Troubleshooting "The use statement with non-compound name ... has no effect"

Question

Getting this error when I put use Blog; at the top.

Warning: The use statement with non-compound name 'Blog' has no effect in...

Blog is my namespace in which I have 3 classes: Article, List and Category and a few functions.

If I change my statememnt to use Blog\Article; then it works...

Can't I just specify the namespaces I want to use? Do I need to provide classes?
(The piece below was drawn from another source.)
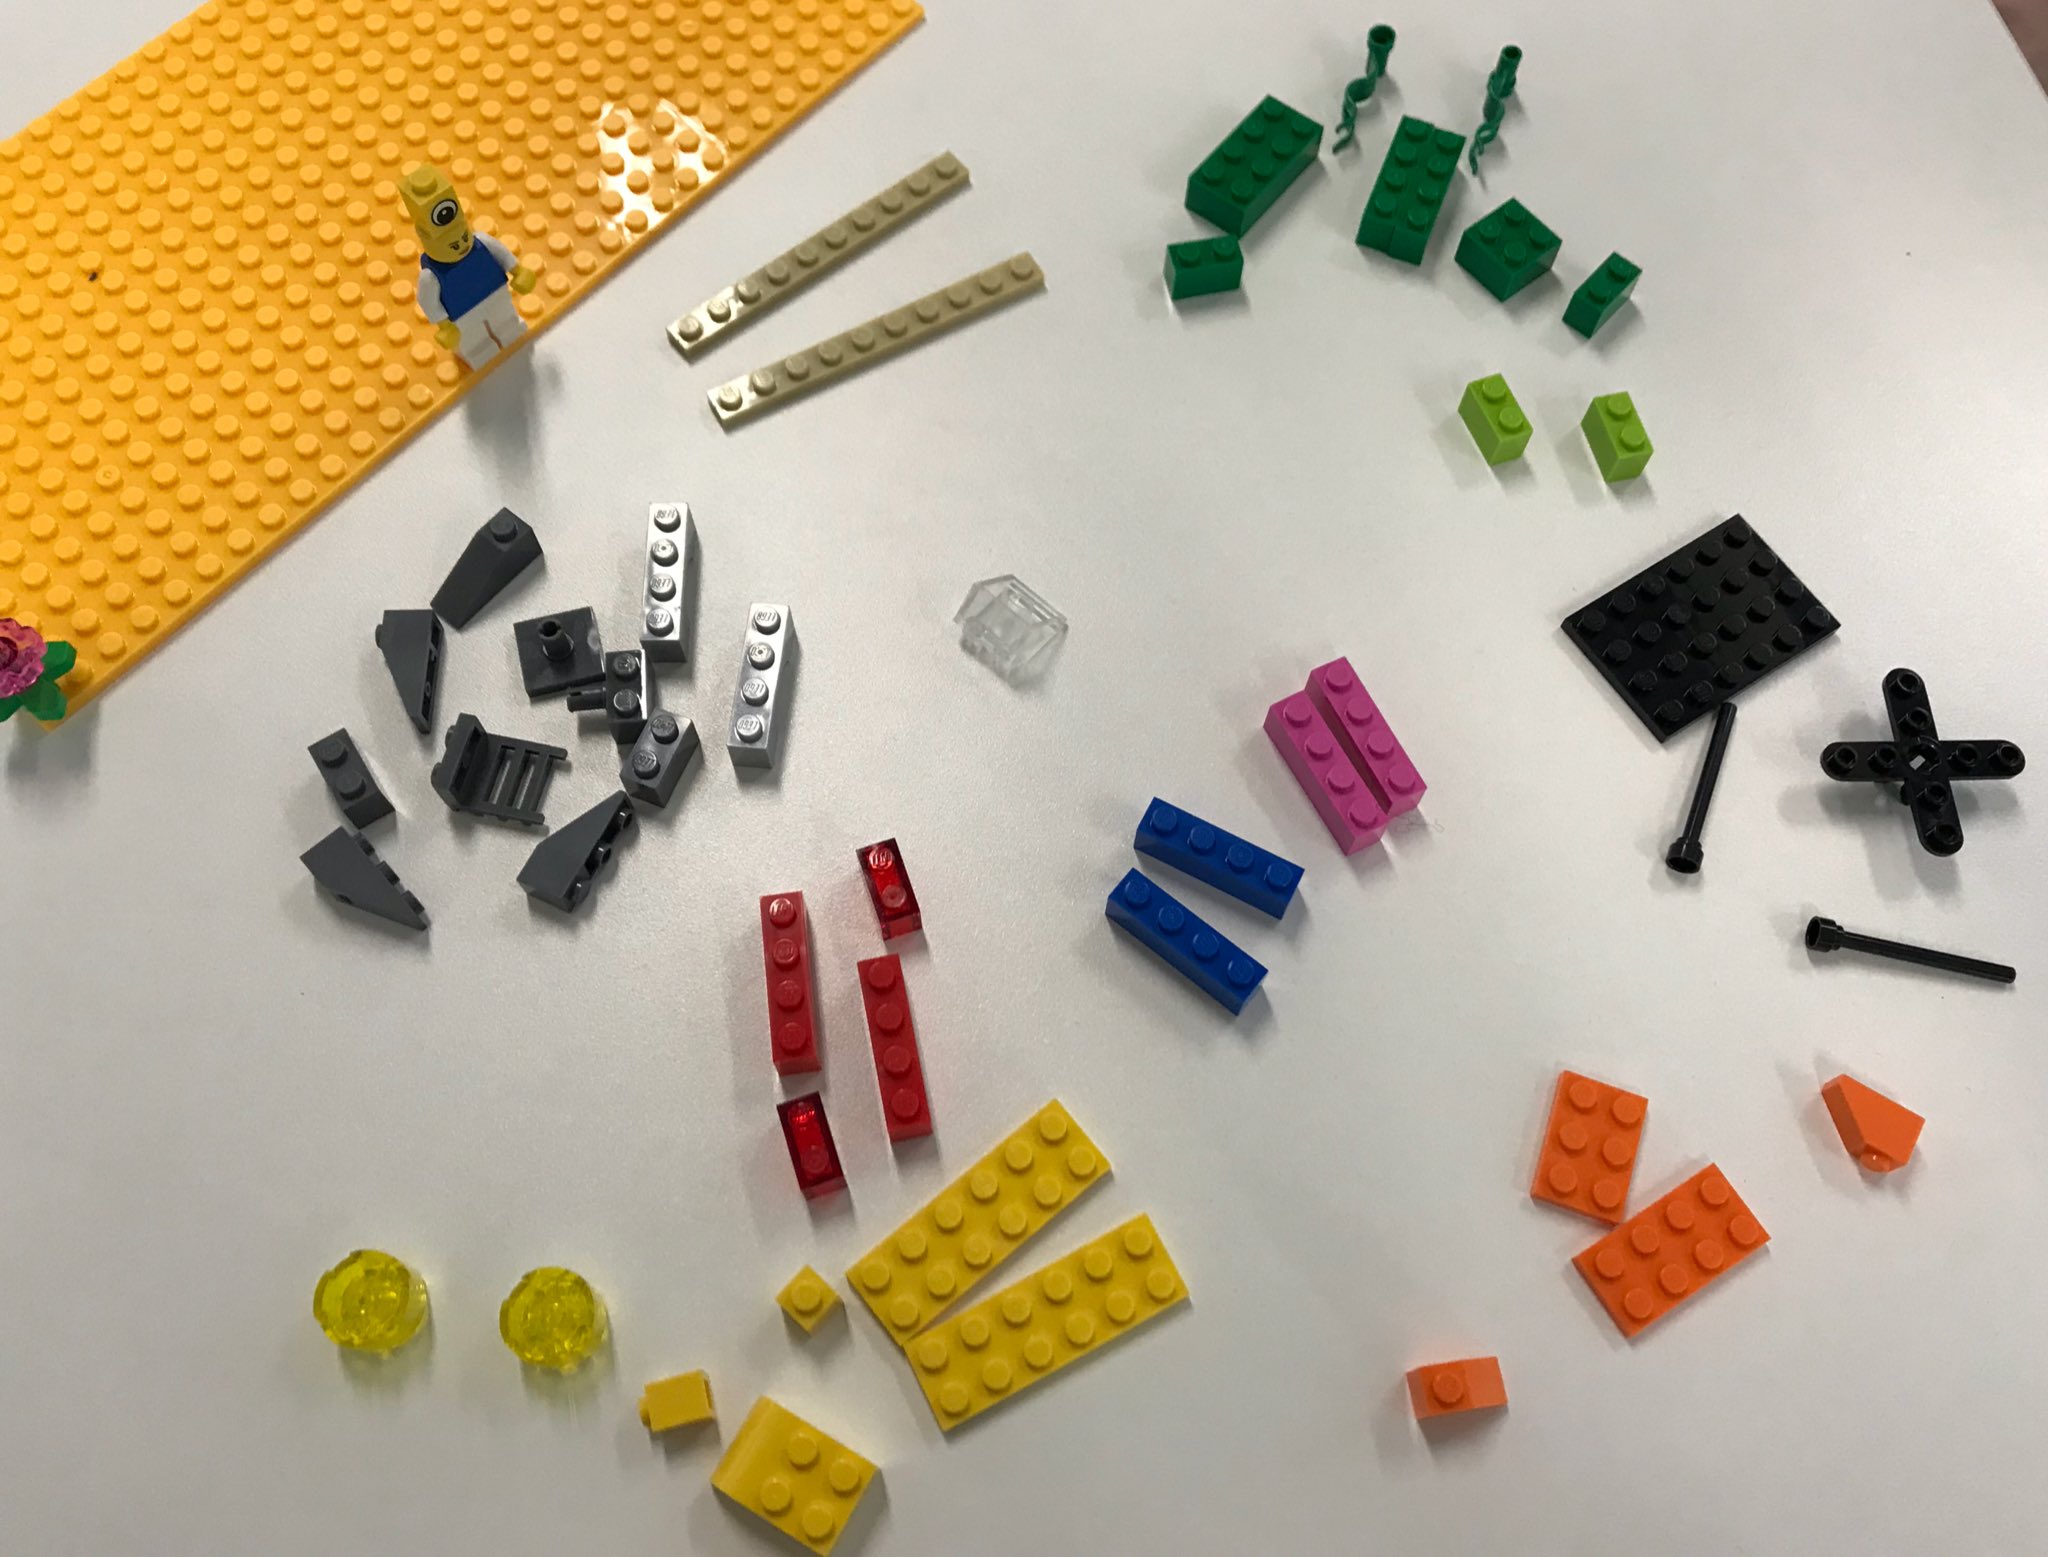 Colour coded Lego #SocMedHE17 #itsgettingserious #seriousplay #lego https://t.co/x406VWnmPi

What if I have functions within that namespaces? When I call them outside of the namespace, I'm forced to prepend \Blog\ to each one's name...

Answer 1

PHP's use isn't the same as C++'s using namespace; it allows you to define an alias, not to "import" a namespace and thus henceforth omit the namespace qualifier altogether.

So, you could do:

use Blog\Article as BA; 

... to shorten it, but you cannot get rid of it entirely.

---

Consequently, use Blog is useless, but I believe you could write:

use \ReallyLongNSName as RLNN; 

Note that you must use a leading \ here to force the parser into knowing that ReallyLongNSName is fully-qualified. This isn't true for Blog\Article, which is obviously already a chain of namespaces:

Note that for namespaced names (fully qualified namespace names containing namespace separator, such as Foo\Bar as opposed to global names that do not, such as FooBar), the leading backslash is unnecessary and not recommended, as import names must be fully qualified, and are not processed relative to the current namespace.

• http://php.net/manual/en/language.namespaces.importing.php